Part of Pension Schemes Bill – in a Public Bill Committee at 3:45 pm on 2 September 2025.
Michelle Ostermann:
I have one small observation from when I first came to the UK. I recognise that there is a very strong savings culture, but not necessarily an investment culture, and there is a distinct difference there. I even notice the difference when we talk about productive finance targets. We speak in terms of private assets, but there is a difference between private equity and private debt, and between infrastructure equity and infrastructure lending. All those lending capabilities are here in this country. I feel that the debt sophistication is strong, but where it lacks is the equity.
I am a Canadian. With one of the largest Canadian schemes, we had no problem coming in and buying up assets here in the UK—you may have noticed. We own a lot of it, and with Australia, most of it. The supply was never an issue for us. We brought the scale and sophistication, but what we did not have was a local British anchor. We did not have an anchor investor. We did not have a home-grown Ontario Teachers, a Canada Pension Plan or even an ATP that we could use as the local one. I see that the PPF, NEST and Brightwell can be that. We are still not megafunds. I know that we are referred to as behemoths and megafunds at £30 billion and £60 billion, but the peers with £100 billion, £200 billion and £500 billion are those that are putting in £0.5 billion or £1 billion in one investment. They are not lending, but investing.

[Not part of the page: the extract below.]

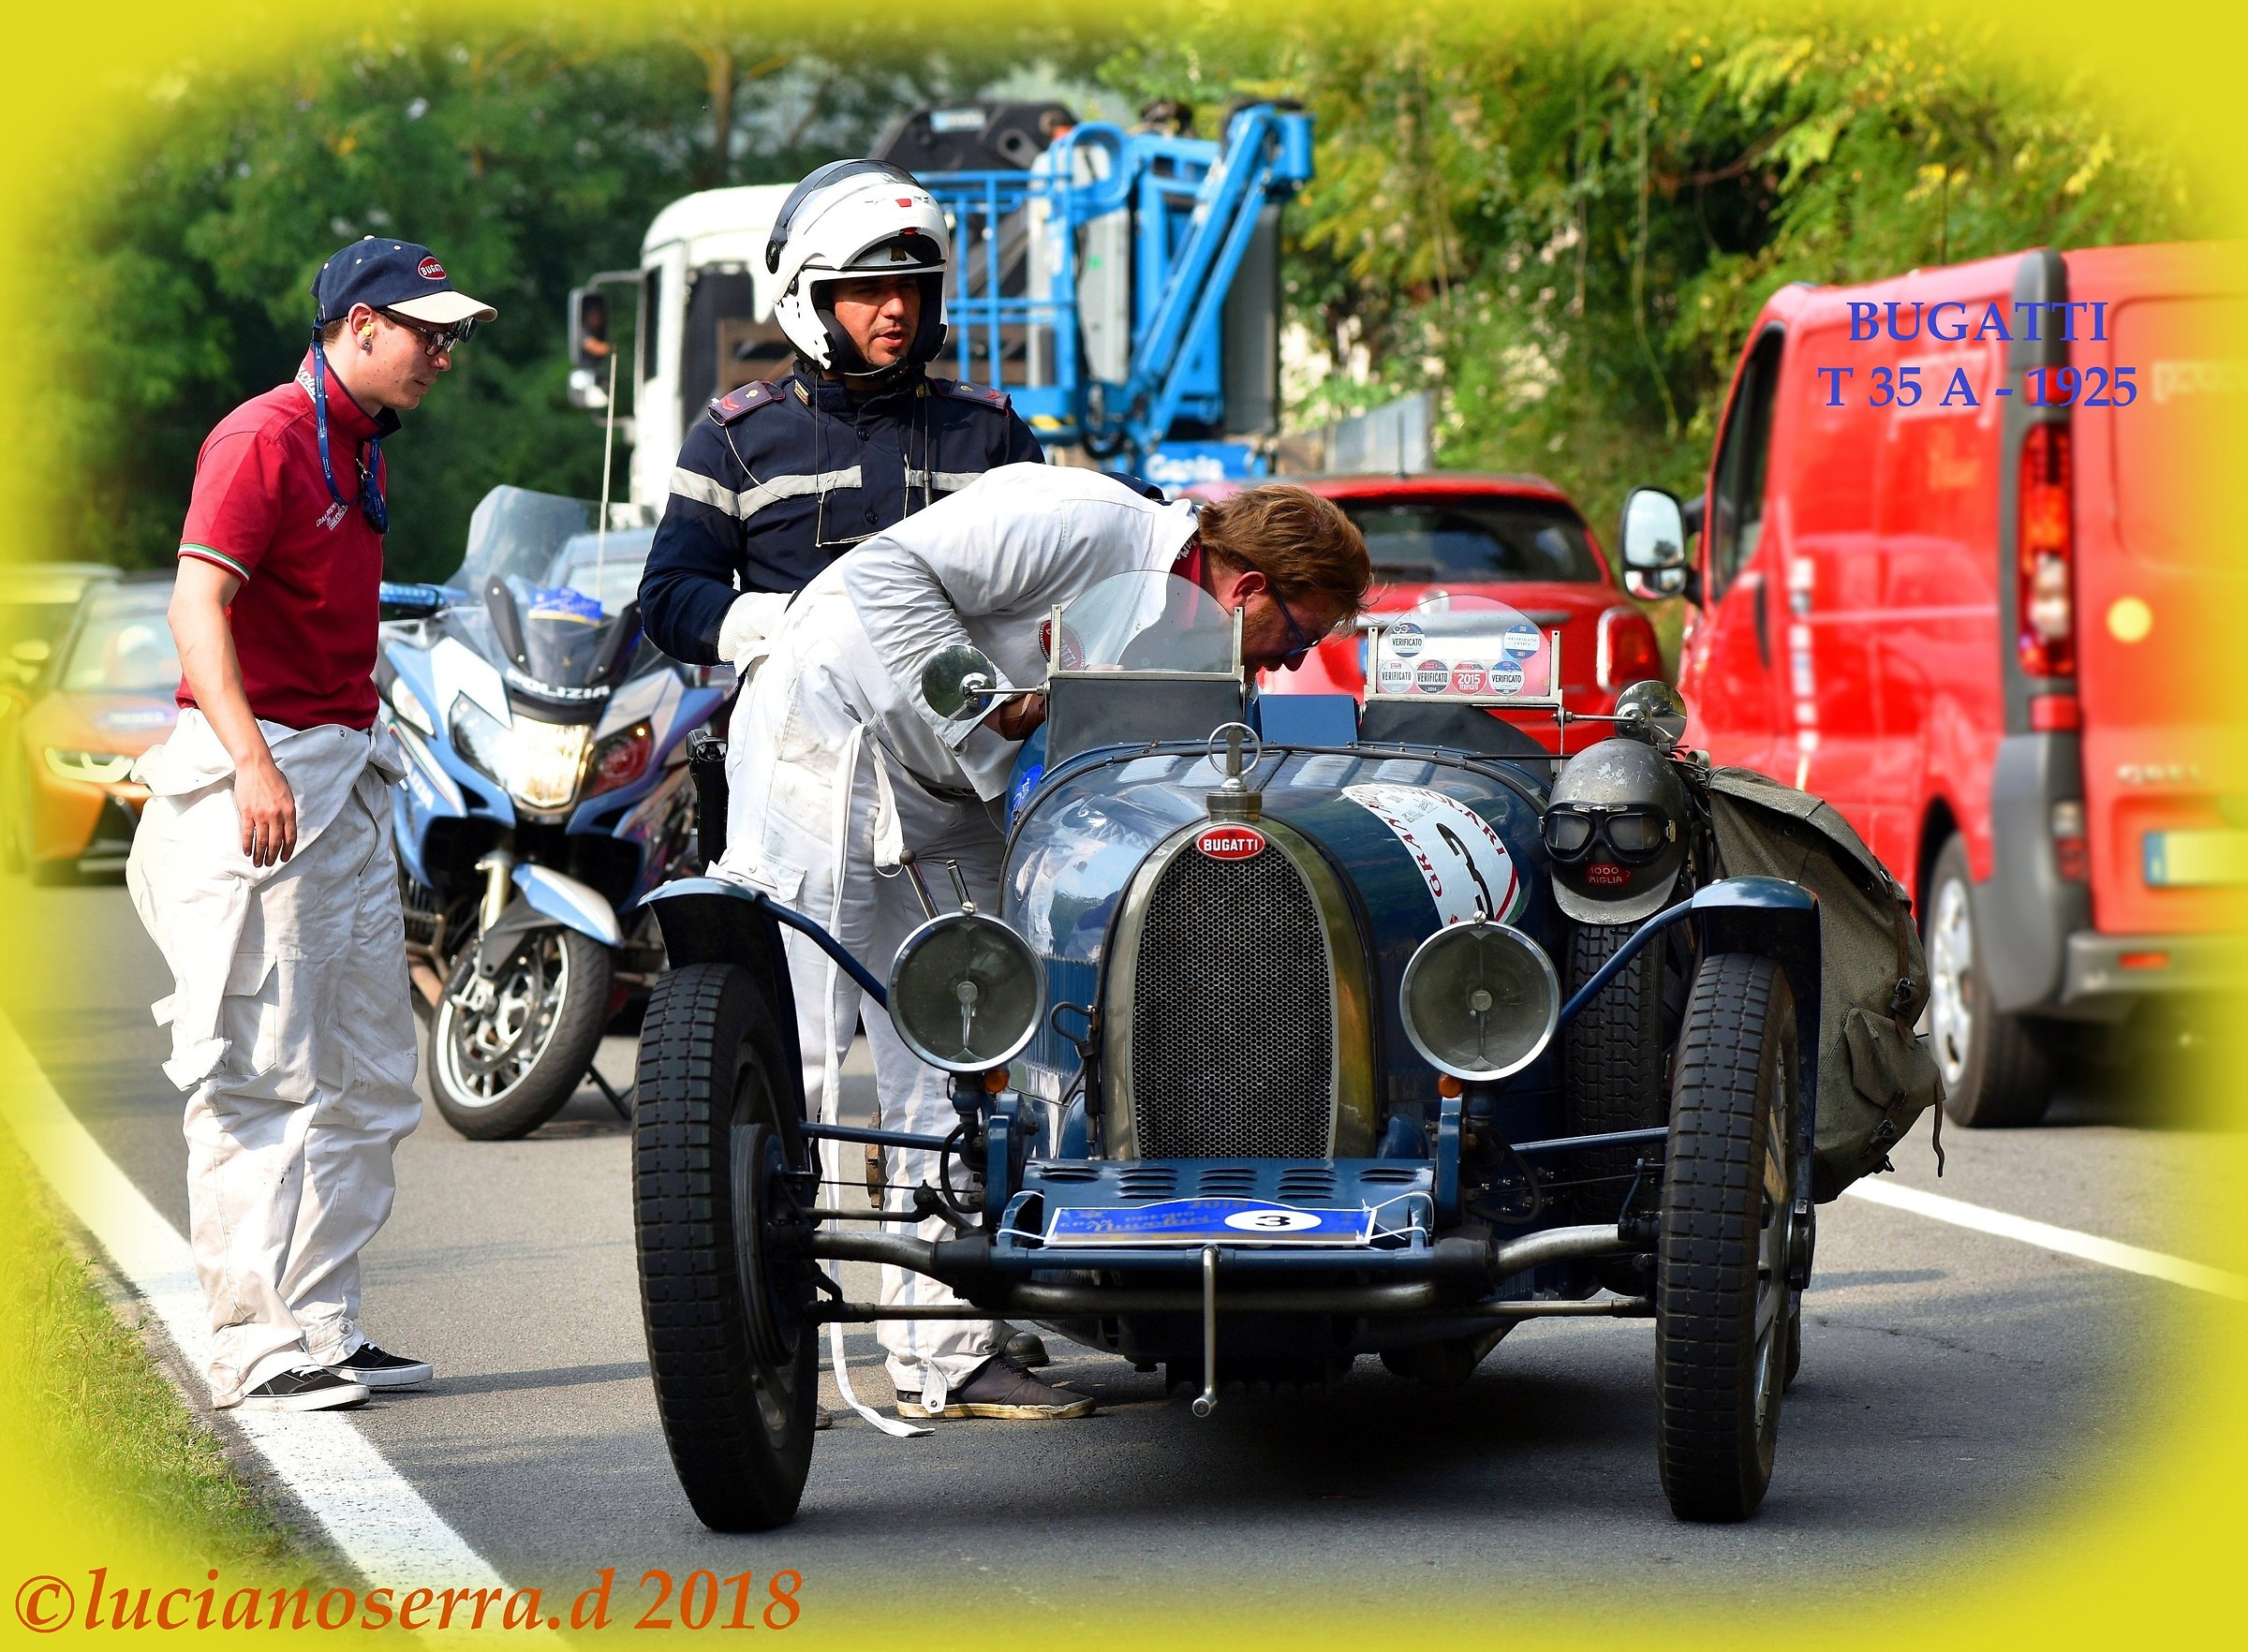 Bugatti Type 35 A - 1925...

That is the biggest difference I notice: the definition of scale and the degree of sophistication. It is even about sophistication in the governance model, and having a board and a management team with that sophistication. It is about having a management team with some power that you are hiring out of investment, and being a not-for-profit and an arm of the Government that is allowed to put in that sophisticated capability, with a board that can properly oversee it so it is not done without proper consideration.